We see two trees: root 0 with a depth of 3, and root 4 with depth 1. The tallest tree requires 3 groups.

Example 2

Input:

4
-1
-1
-1
-1

All employees are independent.

Node Children Depth returned max_depth
DFS 0 [] 1 1
DFS 1 [] 1 1
DFS 2 [] 1 1
DFS 3 [] 1 1

All employees can be in one group. The algorithm correctly outputs 1.

Complexity Analysis

Measure Complexity Explanation
Time O(n) Each employee is visited once in DFS
Space O(n) Storing the children list and recursion stack

The algorithm runs in linear time with respect to the number of employees, which fits comfortably within the 3-second limit for n ≤ 2000.

Test Cases

import sys, io

def run(inp: str) -> str:
    sys.stdin = io.StringIO(inp)
    sys.setrecursionlimit(3000)
    
    n = int(input())
    managers = [int(input()) - 1 for _ in range(n)]

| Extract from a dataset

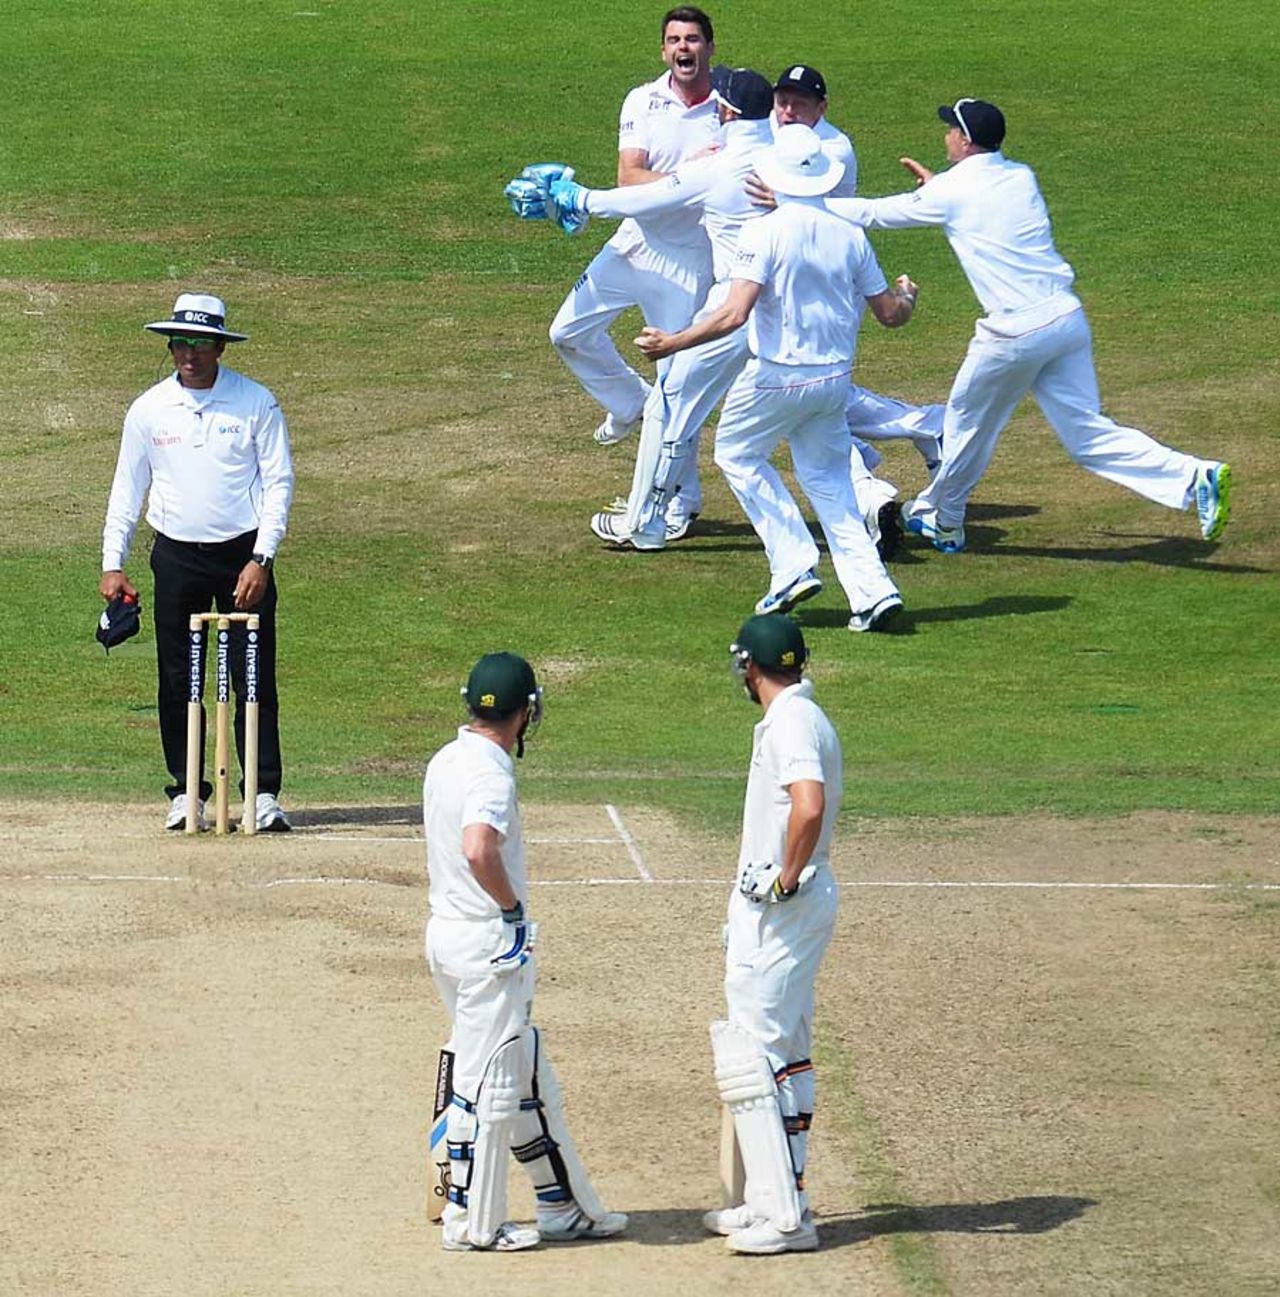 Contrasting emotions: England celebrate as Australia's batsmen look on, England v Australia, 1st Investec Test, Trent Bridge, 5th day, July 14, 2013

    children = [[] for _ in range(n)]
    roots = []
    for i in range(n):
        if managers[i] == -2:
            roots.append(i)
        else:
            children[managers[i]].append(i)

    def dfs(node):
        if not children[node]:
            return 1
        depth = 0
        for child in children[node]:
            depth = max(depth, dfs(child))
        return depth + 1

    max_depth = 0
    for root in roots:
        max_depth = max(max_depth, dfs(root))
    return str(max_depth)

# provided sample
assert run("5\n-1\n1\n2\n1\n-1\n") == "3", "sample 1"

# custom cases
assert run("4\n-1\n-1\n-1\n-1\n") == "1", "all independent"
assert run("3\n-1\n1\n2\n") == "3", "single chain"
assert run("6\n-1\n1\n1\n2\n2\n-1\n") == "3", "multiple small trees"
assert run("1\n-1\n") == "1", "single employee"
assert run("2\n1\n-1\n") == "2", "two employees, manager first"
Test input Expected output What it validates
4\n-1\n-1\n-1\n-1\n 1 All independent employees
3\n-1\n1\n2\n 3 Single chain, depth equals n
6\n-1\n1\n1\n2\n2\n-1\n 3 Multiple trees, correct max height
1\n-1\n 1 Minimum input size
2\n1\n-1\n 2 Manager listed first, order doesn't matter

Edge Cases

If all employees are independent, the DFS correctly returns 1 for each root, and the max_depth is 1, which is the correct minimal group count. In a single long chain, each employee forms a separate level, and DFS correctly computes the chain length. If multiple trees exist, the algorithm tracks the maximum depth across all roots, ensuring the correct number of groups even when trees differ in height.